The government echoed this optimism ahead of the WAVES 2025 summit in Mumbai in May. Citing the BCG report, it noted that India’s creator ecosystem influences a substantial share of consumer decisions. Revenues generated by the ecosystem are estimated at $20-25 billion, rising to $100–125 billion by the end of the decade.
Yet the same data also lays bare a structural imbalance in two broad ways:
Monetisation remains limited for most participants. Only eight to 10 of every 100 active creators earn meaningfully from their content. Even among those who do, monetisation is heavily skewed towards a thin elite.
For every $100 of consumer spending influenced by creators, only around $5.71 flows back into the ecosystem itself (drawn from simple arithmetic: $20 billion/$350 billion).
Skewed Returns
The State of Influencer Marketing in India survey by EY, published in 2024, helps explain this from the demand side. Influencer marketing has gone mainstream, forming part of three out of four brand marketing strategies. EY estimates that India’s influencer marketing industry could reach ₹33.75 billion by 2026, growing at a compounded annual rate of around 18%.
However, brand preferences reinforce income concentration. Micro and nano influencers dominate campaigns, not because of higher payouts, but because they offer cheaper reach and higher engagement. Nearly half the brands surveyed cited cost efficiency as their primary reason for working with smaller creators.
Nano influencers are everyday social media users with 1,000 to 10,000 followers, and micro influencers with up to 100,000. They are seen as authentic experts in their niche, fostering trust and engagement. Anyone who has scrolled past ads from Nykaa, Mamaearth, Zomato or Swiggy will recognise how these influencers help brands go hyperlocal on a budget.
Compensation structures further limit earning potential. EY finds that 71% of brands pay fixed fees, while only 29% experiment with performance-linked models. Fixed fees cap upside for creators even when campaigns succeed, while brands retain the flexibility to dial spending up or down.
Winner Takes All
Both reports point to intense concentration at the platform level. EY identifies Instagram and YouTube as the dominant arenas for influencer marketing. BCG highlights short-form video as the runaway format, with entertainment-led genres such as comedy, films, daily soaps and fashion among the most consumed categories.

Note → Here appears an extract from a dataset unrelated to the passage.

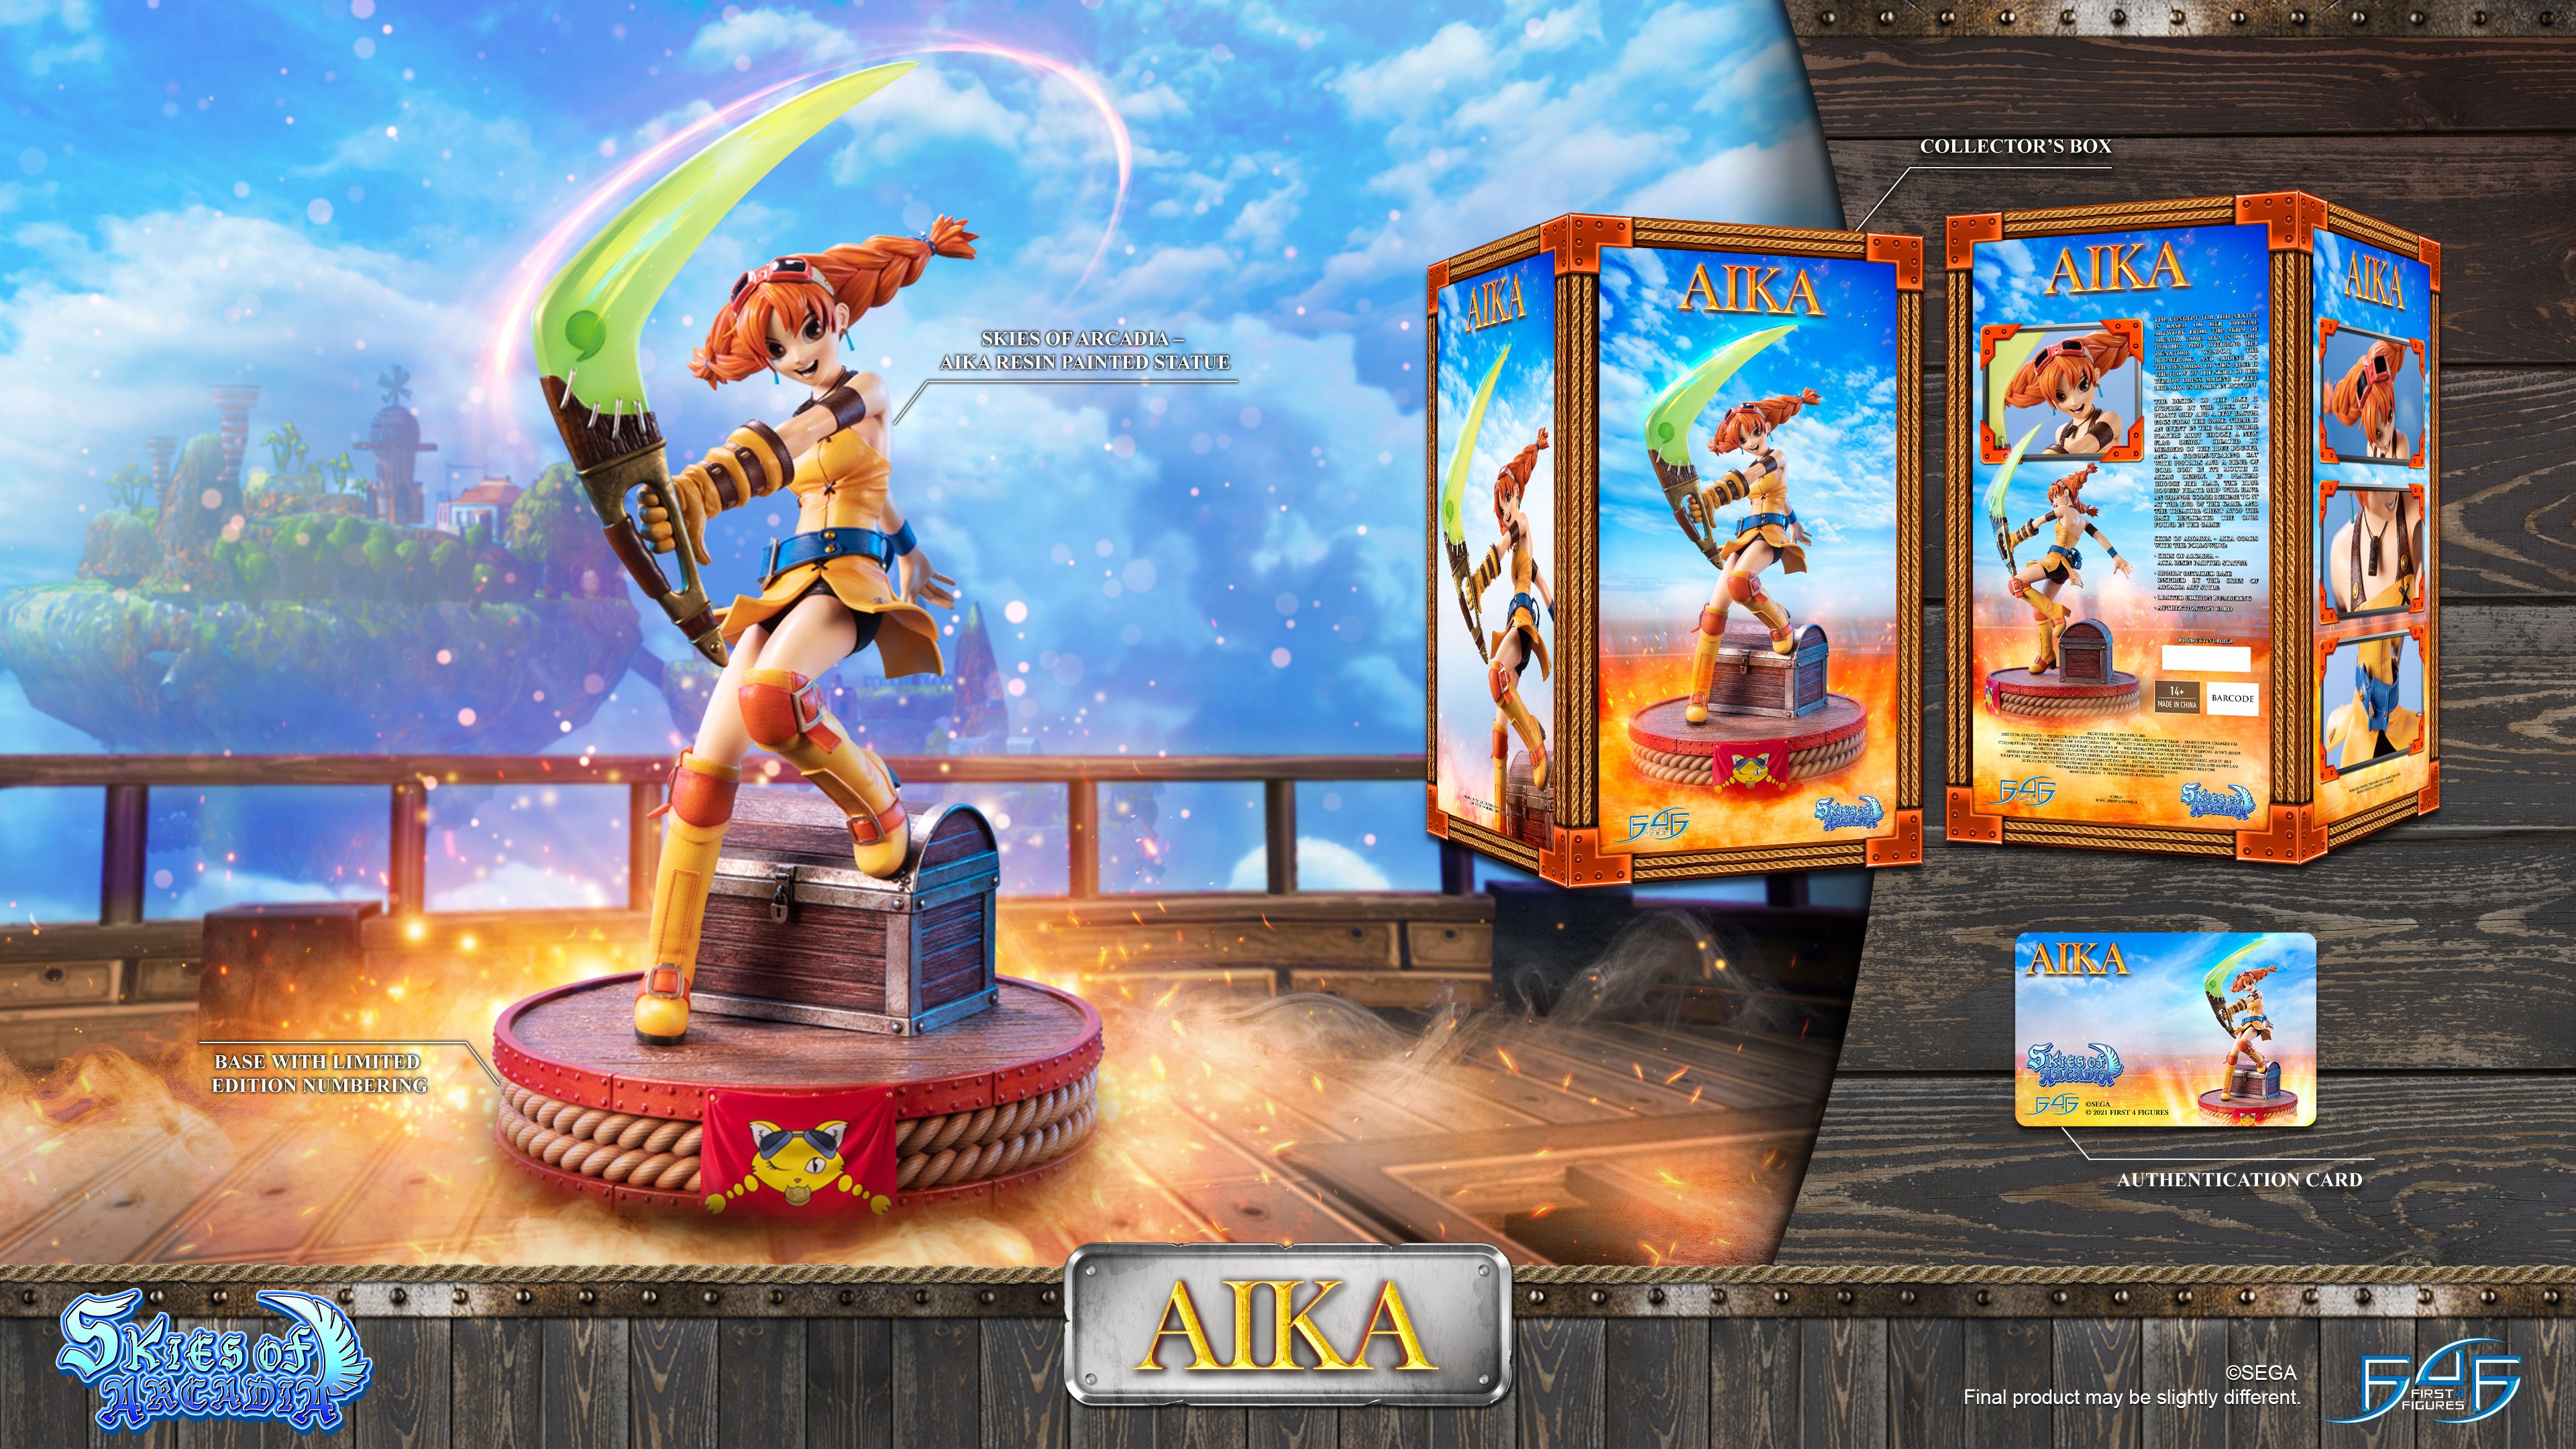 Skies of Arcadia – Aika (Standard Edition)

BCG’s consumer survey shows most users engage with creator content primarily for entertainment rather than information or utility. On the one hand, this drives reach and engagement. On the other hand, it intensifies the scramble for attention, reinforcing winner-takes-most dynamics where a handful of creators capture disproportionate visibility and income.
The EY report also reveals how tentative participation remains. Most creators reported spending fewer than 10 hours a week on content creation, and only a small minority earn more than ₹100,000 a month. Even allowing for the limits of self-reported data, the picture is clear: for most, creation is a side hustle, not a livelihood.
While the government and industry remain optimistic, projecting brand investments to rise 1.5 to three times in the coming years, crucial questions remain unanswered. How volatile are creator incomes? How long do creators last before burning out or dropping out? And how will taxation, labour classification and social protection evolve for this growing workforce?
Until those questions are addressed, India’s creator economy will remain as it is: vast in influence, loud in promise, but deeply unequal in reward.